Still, I won't let it stop me from enjoying as much of a real winter and a real Christmas as much as I can!
I still have yet to decide to bake anything this holiday season and while I've filled up my Pinterest boards with loads of idea's I haven't still decided on one particular one to try out just yet. I mean I've decided on one, so hopefully next week I'll get to attempt it!
I've also got to do something about my kitchen set up because I still have the Halloween runner on the table and that's just gotta go! It's just getting all the bits and bobs off that table (that shouldn't even be there to begin with) that's part of the problem. Ugh.

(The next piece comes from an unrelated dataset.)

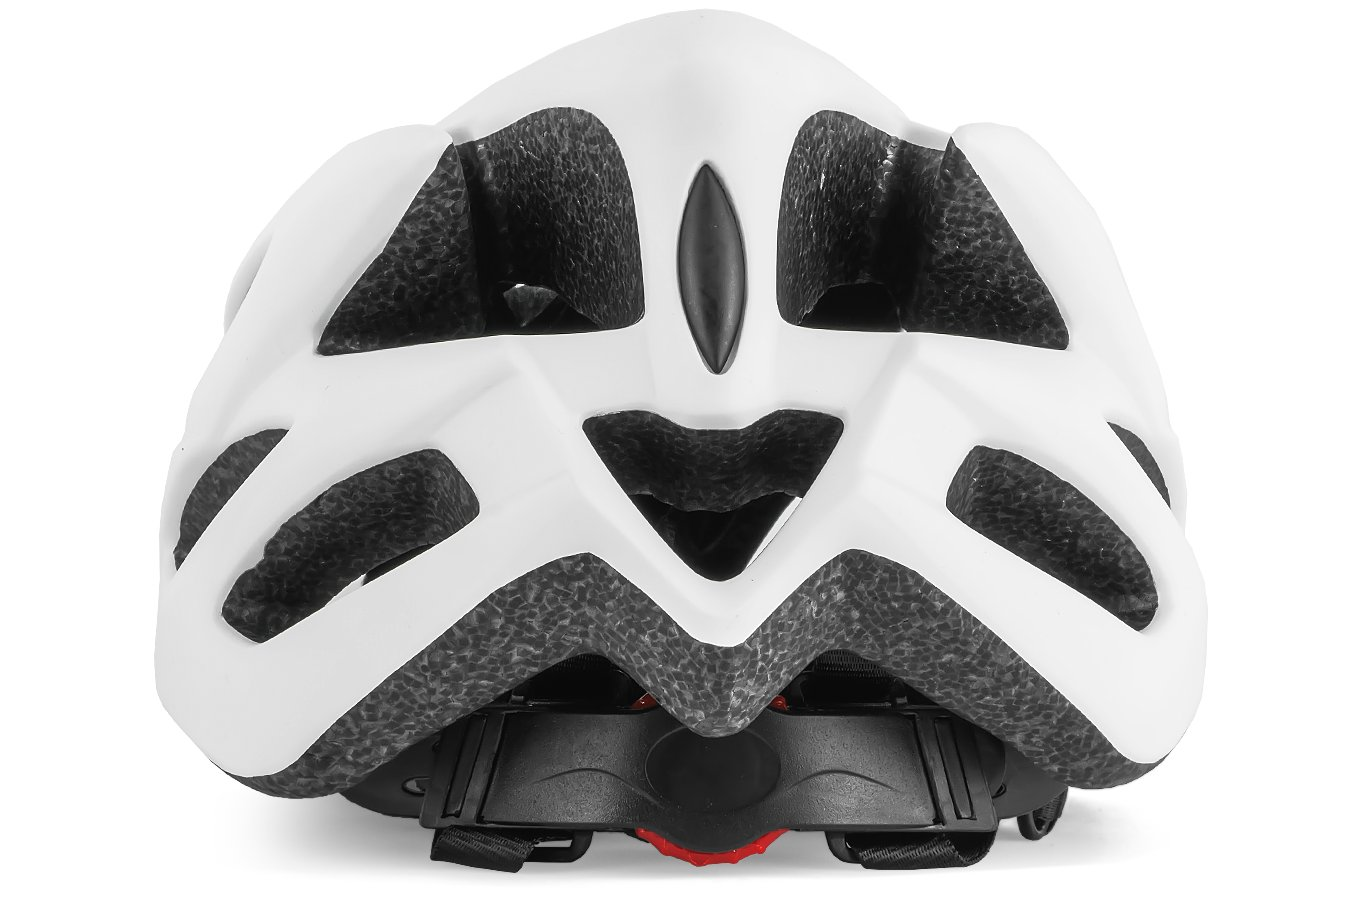 Capacete Ciclista INM Revo Fosco - High One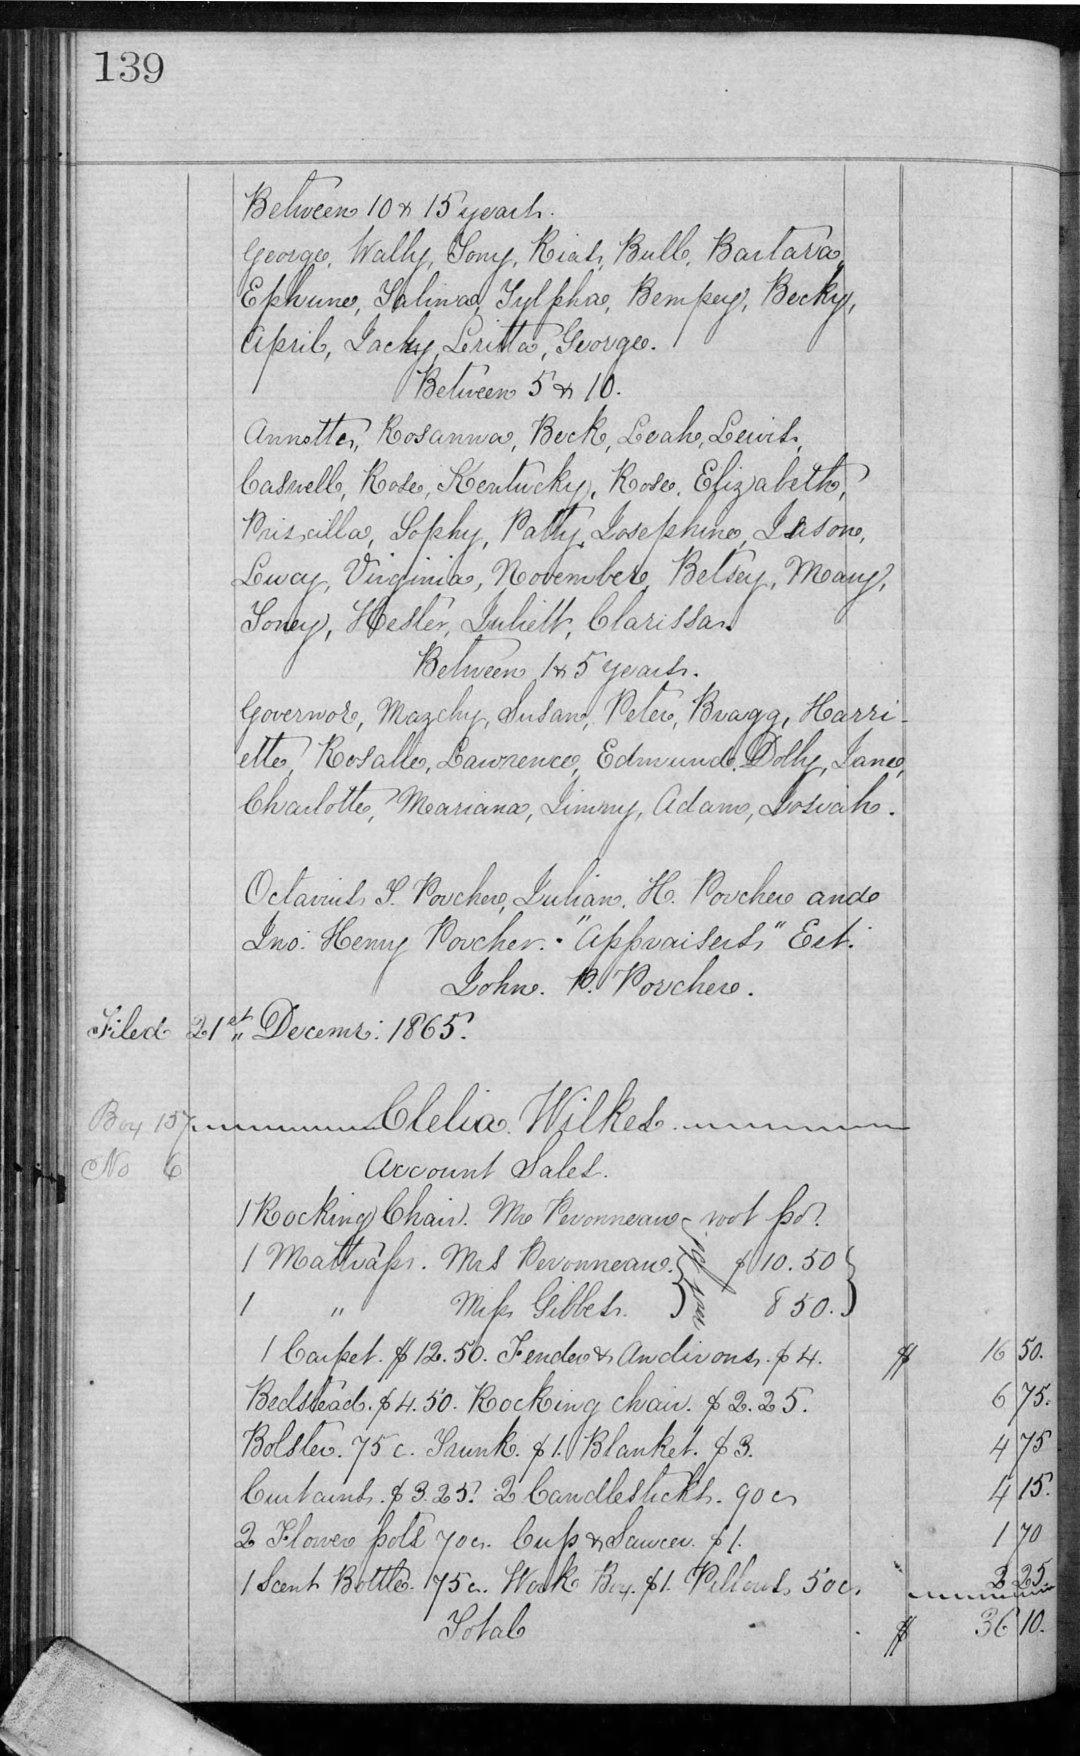 Porcher John P Est Inv Book G (1864-67) p139

I've decided go cut down on the things I have going into 2018 because it's just all starting to drive me nuts, then again I say this pretty much twice a year. So we'll see how that goes. But I'm really hoping to tidy up my place a lot more before Christmas and New Year's gets here! Having a dizzy cat who tacks cat litter everywhere certainly doesn't help but I need to see what I can find to help her keep that litter off her tiny little paws.
There's not very many adventures planned this month sadly like there was last year but it's okay, adjusting to this weather and to other things are a little bit more important to me at the moment and I'll make up for it next winter when I hope to be more prepared for 40* - 30* days! Thankfully my mom sent me some cute winter clothes she had found and Bubba got me some fleece pj's I had wanted from Target yesterday when he went to grab me some stuff. And he also got me this really cute Grumpy Care Bears fleece poncho with a hood! I'm pretty obsessed with it already! I just threw it in the wash so I don't have pictures.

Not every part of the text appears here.